その一言で、鳥山は持っていたグラスを軽く机に置いた。顔には、素っ頓狂な表情が浮かんでいる。「え?なんの話だよ、それ。倒れたって、花楓さんが?」
リリーは静かにうなずきながら、「ええ、過労で入院中よ」と淡々と告げた。その声の調子には、どこか皮肉めいた響きが混ざっているように感じられた。鳥山は口を開けたまま何かを言おうとするが、言葉が出てこないらしい。
鳥山が混乱したように頭をかきむしる。「いや、俺、最近顔を合わせた時も思ったんだよ。なんか顔色が悪いなーとか、体調が万全じゃなさそうだなーって。でも、『休んで』って言ったら、笑いながら『大丈夫だから』の一点張りだったからさ、深刻には考えなかったんだ」
「人間、本当にやばい時に人は『大丈夫』って言うものよ」とリリーが肩をすくめるようにして言う。

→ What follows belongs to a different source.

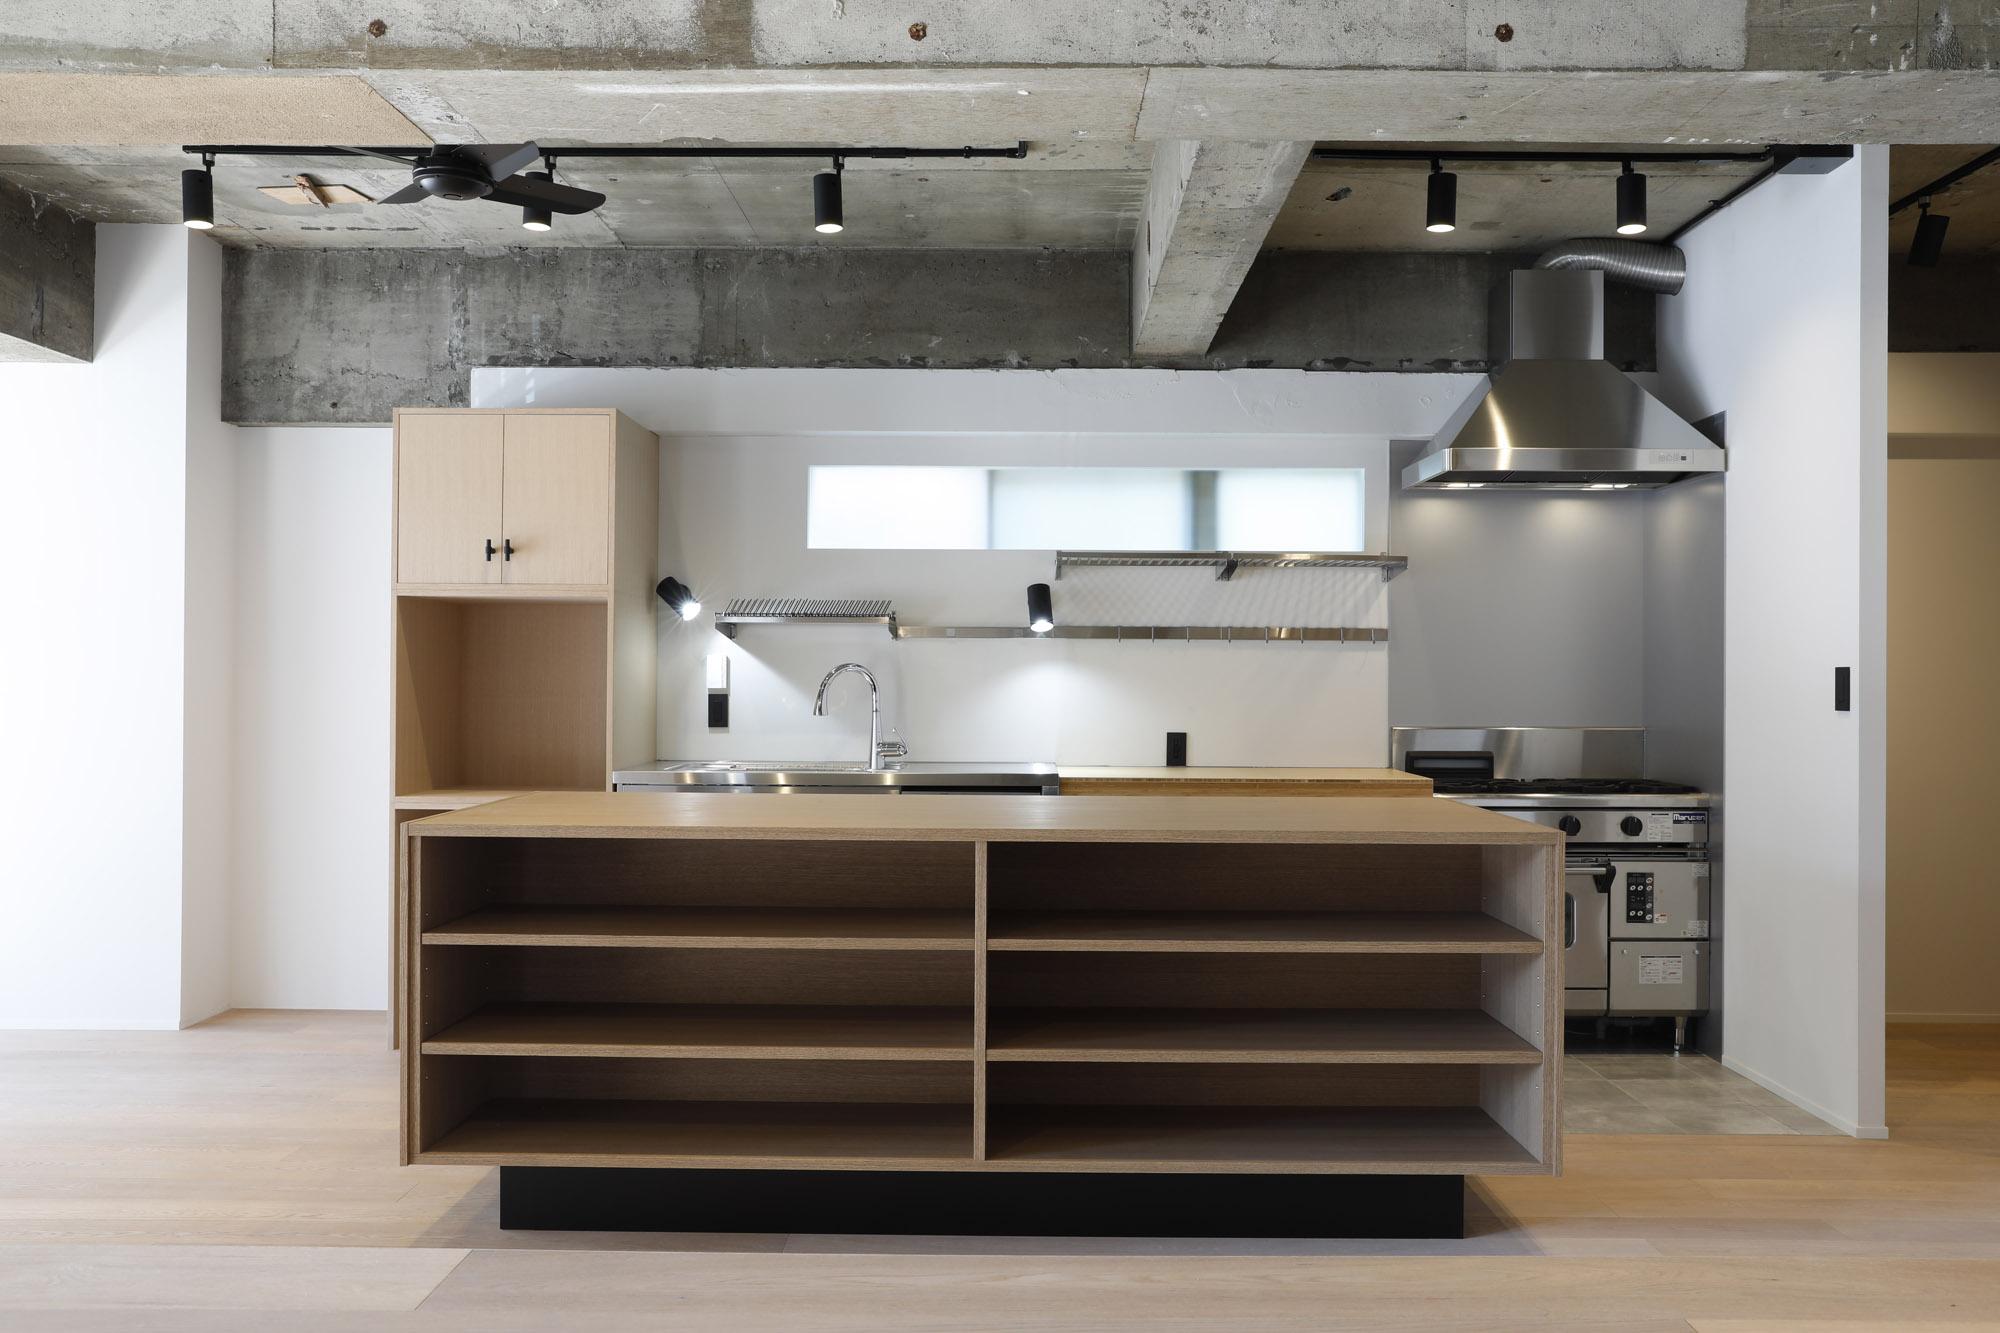 料理教室の先生でもあるお施主様。大きな造作カウンターが料理教室にぴったり!

足立が呆れたようにグラスを置いた。「だいたい港全体が古臭い体質なんだよ。人手不足で首が回らないのに、誰かが助け船を出すって発想がない。花楓さん一人に仕事を押しつけといて、倒れたら『ああ、そうだったのか』って。完全に他人事だよ」
リリーが冷ややかに見つめながら言う。「結局、港全体が自転車操業なのよ。誰かが倒れると、それを補う手がないまま回し続けるしかない。誰もが分かってるけど、それをどうにかしようって話にはならないの。そんな状態で誰が耐えられると思う?」
鳥山が苦笑いを浮かべる。「耐えられないからこうなったんだろうな。」
「どうにかする方法なんて山ほどあるわよ。ただ、それを実行しようとする人がいないだけ。それとも、トオルが先陣を切る気になる?」リリーが皮肉っぽく問いかけると、鳥山はあわてて手を振る。「俺が?いやいや、そういうのはもっと偉い人たちに任せるべきだろ」
その時、足立がボソッと呟いた。「偉い人たちがどうにかしてくれると思うなら、もう少し若い頃に夢見ればよかったな」
その皮肉めいた一言に、リリーも鳥山も笑いを漏らす。そして再びスナックの中には、夜特有の静けさが戻りつつあったが、その静けさの裏には、解決されるべき問題が幾重にも積み重なっていることを誰もが感じ取っていた。